CXX/LD -o .build_release/tools/compute_image_mean.bin
.build_release/lib/libcaffe.so: undefined reference to `caffe::BlockingQueue<caffe::Batch<double>*>::pop(std::string const&)'
.build_release/lib/libcaffe.so: undefined reference to `google::base::CheckOpMessageBuilder::NewString()'
.build_release/lib/libcaffe.so: undefined reference to `google::protobuf::internal::NameOfEnum(google::protobuf::EnumDescriptor const*, int)'
.build_release/lib/libcaffe.so: undefined reference to `caffe::BlockingQueue<caffe::Batch<float>*>::pop(std::string const&)'
collect2: error: ld returned 1 exit status
Makefile:616: recipe for target '.build_release/tools/compute_image_mean.bin' failed
make: *** [.build_release/tools/compute_image_mean.bin] Error 1

This is different, now the syntax errors have disappeared, which is a very good signal. But the compiler still complains about missing symbols.

This was a headache. At first I checked in the code that every function was declared, and they were. I couldn’t understand why the compiler wasn’t finding its references. I tried more or less everything… from trying to install caffe using an Arch package from the AUR, to read as many forums on the internet as I could.

In an attempt to reduce the distance between the two GCC versions that I was using (at the end this is a compiling issue), I configured CUDA to use the GCC-5.2 version, like in Ubuntu-15.10. But the problem persisted. Fortunately, this was a step in the right direction.

To understand the problem, one must know about the ABI, the object code interface between user C++ code and the implementation-provided system and libraries. GCC-5.1 can be configured to use the old library ABI, or a new one conforming to the 2011 C++ standard. To configure it, I had to modify the following lines of the Makefile:

COMMON_FLAGS += -D_GLIBCXX_USE_CXX11_ABI=1
CXXFLAGS += -MMD -MP -std=c++11 -D_GLIBCXX_USE_CXX11_ABI=1

After using this configuration, the compilation finally succeeded.
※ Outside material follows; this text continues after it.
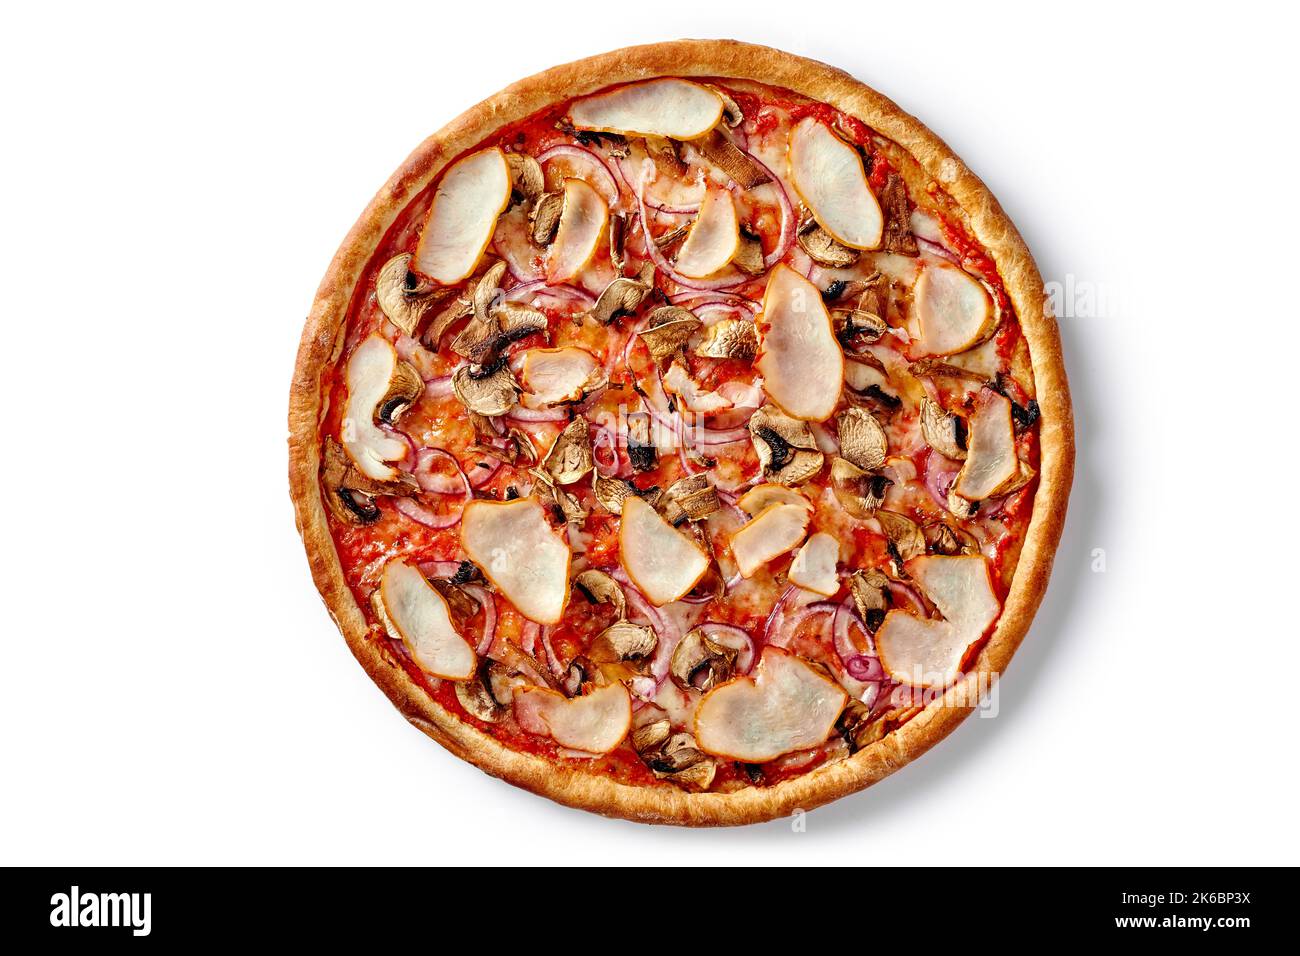 Dünne klassische Pizza mit geräuchertem Hähnchenfilet, Pilzen und violetten Zwiebeln, isoliert auf Weiß Stockfoto

  1. In Arch, like in most of the major linux distributions, the software is distributed using binary format, in packages. This means that every library and executable installed by the system has been compiled using the current version of GCC, which in Arch is GCC-6.1.1 at the moment of writing this. Gentoo is a clear exception, all the software in Gentoo is distributed in code, and it is compiled by the user during the installation.